Yep, wait a week and then open it and it will clear the room! The more room it has in the bvessel the more it will open up also. I have a 5 gallon corkidor and I have to open it up outside or my wine room will be unusable for awhile.


----------



## Minnesotamaker (Feb 27, 2011)

Maybe you're becoming a K-meta-a-holic. You've built up a tollerance and now you need twice as much to get the same effect.


----------



## Flem (Feb 28, 2011)

Wade E said:


> Yep, wait a week and then open it and it will clear the room! The more room it has in the bvessel the more it will open up also. I have a 5 gallon corkidor and I have to open it up outside or my wine room will be unusable for awhile.



Wade,
That's a good point. With it being a full gallon, there isn't much room for the gas to accumulate.


----------



## rosa6329 (Jan 29, 2012)

Tom said:


> Start over.. LOL
> 3tbls per gallon will take your breath away!

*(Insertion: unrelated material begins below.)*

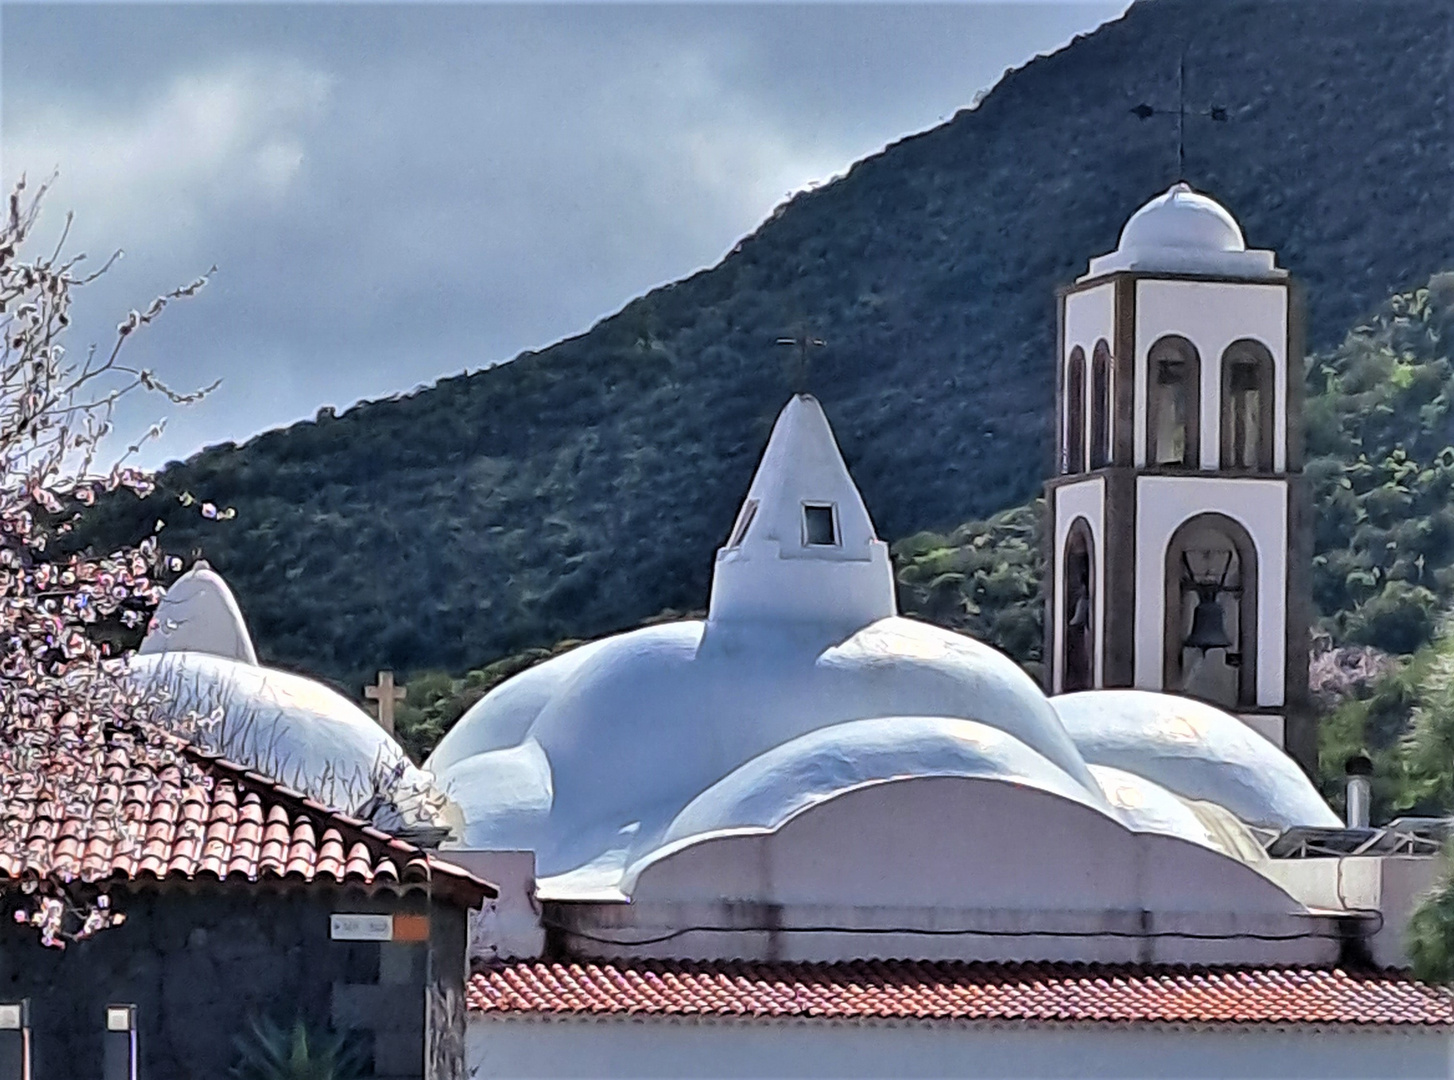 Iglesia de San Fernando Rey

By using this, is it enough to sanitize equipment and not have to rinse right after?


----------



## Runningwolf (Jan 29, 2012)

Yes Rosa you are correct.


----------



## rosa6329 (Jan 29, 2012)

So can I make a gallon batch in a bucket and use it to dunk my tools and then just put a lid and re use it another time? How long will it last for re using in a bucket?


----------



## Wade E (Jan 29, 2012)

You never want to rinse afterwards or you are just introducing bacteria (Possibly) all over again.


----------



## rosa6329 (Jan 29, 2012)

Wade E said:


> You never want to rinse afterwards or you are just introducing bacteria (Possibly) all over again.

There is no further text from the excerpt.